Because ArcGIS Pro is a 64-bit application, it can only use 64-bit IFilters to process the input documents and text. A 32-bit application typically only provides 32-bit IFilters that can be used for processing its documents; ArcGIS Pro can't use these IFilters.

If you haven't set a specific file type to be skipped, such as PDF files, but are unable to extract locations from files where you know they exist, make sure an appropriate 64-bit IFilter is installed on your computer.

With Windows 10, an IFilter that ArcGIS Pro can use to process PDF files should be available. With other versions of Windows, if you have the 32-bit version of Adobe Reader installed, a 64-bit IFilter might not be available to process PDF documents. Content cannot be extracted from PDF documents using the standard Windows IFilters. You can download a 64-bit PDF IFilter from the Adobe website.

Output

The Output tab Output allows you to control what content is extracted from the documents and stored in the output feature class.

Document limits

Limits can be placed on the locations and dates that are extracted from the input documents. When you are scanning a set of input documents for the first time, you may come across a file that contains a large set of numbers that resemble but are not spatial coordinates, or where a sequence of numbers looks like a date but is actually a different type of data. By default, limits are placed on how many features and dates are extracted from the input documents. This keeps you from generating millions of points in error, or from storing many meaningless dates in the attribute table. After evaluating the output locations and the dates that are stored in their attributes, you might choose to disable this limitation or change the limit before scanning the documents again.

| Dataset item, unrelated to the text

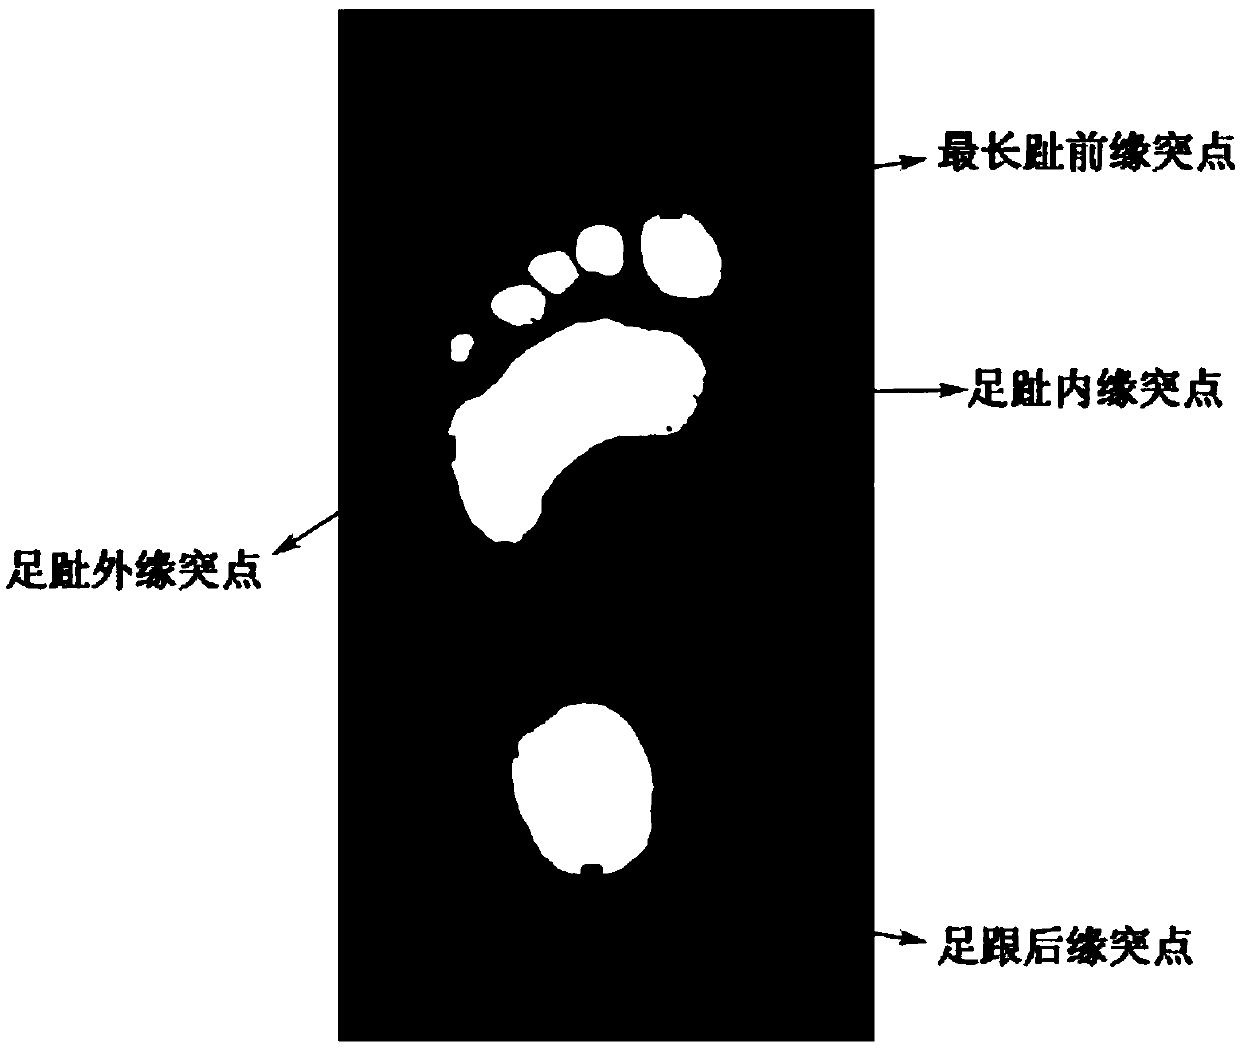 Method and a system for identifying the same person based on barefoot footprints

Sometimes you don't know anything about the documents you are scanning. At other times, you might periodically scan sets of documents that are semistructured, such as reports. Reports often begin with the date on which the report was written, and the location in which it was written; however, the subject of the report concerns events that occurred on a different day in a different location. You can choose to skip the first number of locations and dates when processing these documents so your output feature class captures the content of interest.

You can place limits on the number of features and dates, and on which features and dates, will be extracted from the input documents. These limits are described below:

  • Feature limits
    • Limit number of features per document—By default, only the first 3,000 locations found in a document are extracted and stored in the output feature class. With this option checked, you can increase or decrease the limit on the number of features extracted from a single document. Uncheck this option to evaluate all candidate spatial coordinates and custom locations in a document and extract all features found. This is enabled by default.
    • Ignore first number of features per document—By default, the first candidate spatial coordinate or custom location found in an input document is evaluated, followed by all other candidate coordinates and custom locations until either the feature limit or the end of the document is reached. With this option checked, you can skip a specified number of features at the beginning of a document, and then extract all subsequent features up to the limit; by default, only the first feature would be skipped, but you can increase this number, if appropriate. Uncheck this option to evaluate all candidate spatial coordinates and custom locations up to the limit. This is not enabled by default.
  • Date limits
    • Limit number of dates per document—By default, only the first 30 dates found in a document are extracted and stored in the output feature class's attribute table. With this option checked, you can increase or decrease the limit on the number of dates extracted from a single document. Uncheck this option to evaluate all candidate dates in a document and extract all dates found. This is enabled by default.
    • Ignore first number of dates per document—By default, the first candidate date found in an input document is evaluated, followed by all other candidate dates until either the date limit or the end of the document is reached. With this option checked, you can skip a specified number of dates at the beginning of a document, and then extract all subsequent dates up to the limit; by default, only the first date would be skipped, but you can increase this number, if appropriate. Uncheck this option to evaluate all candidate dates up to the limit. This is not enabled by default.
  1. In the Extract Locations pane, click the Properties tab.
  2. Click the Output tab Output.
  3. Click the Document limits heading.
  4. Check or uncheck the options for limiting how many features and dates are extracted, as appropriate.
  5. Click in the enabled Features and Dates text boxes and type the number that represents the maximum number of features or dates that should be extracted.
  6. Check or uncheck the options to skip a given number of features and dates at the beginning of the input document or text, as appropriate.
  7. Click in the enabled Features and Dates text boxes and type the number that represents how many features or dates should be skipped before any additional features or dates present are extracted.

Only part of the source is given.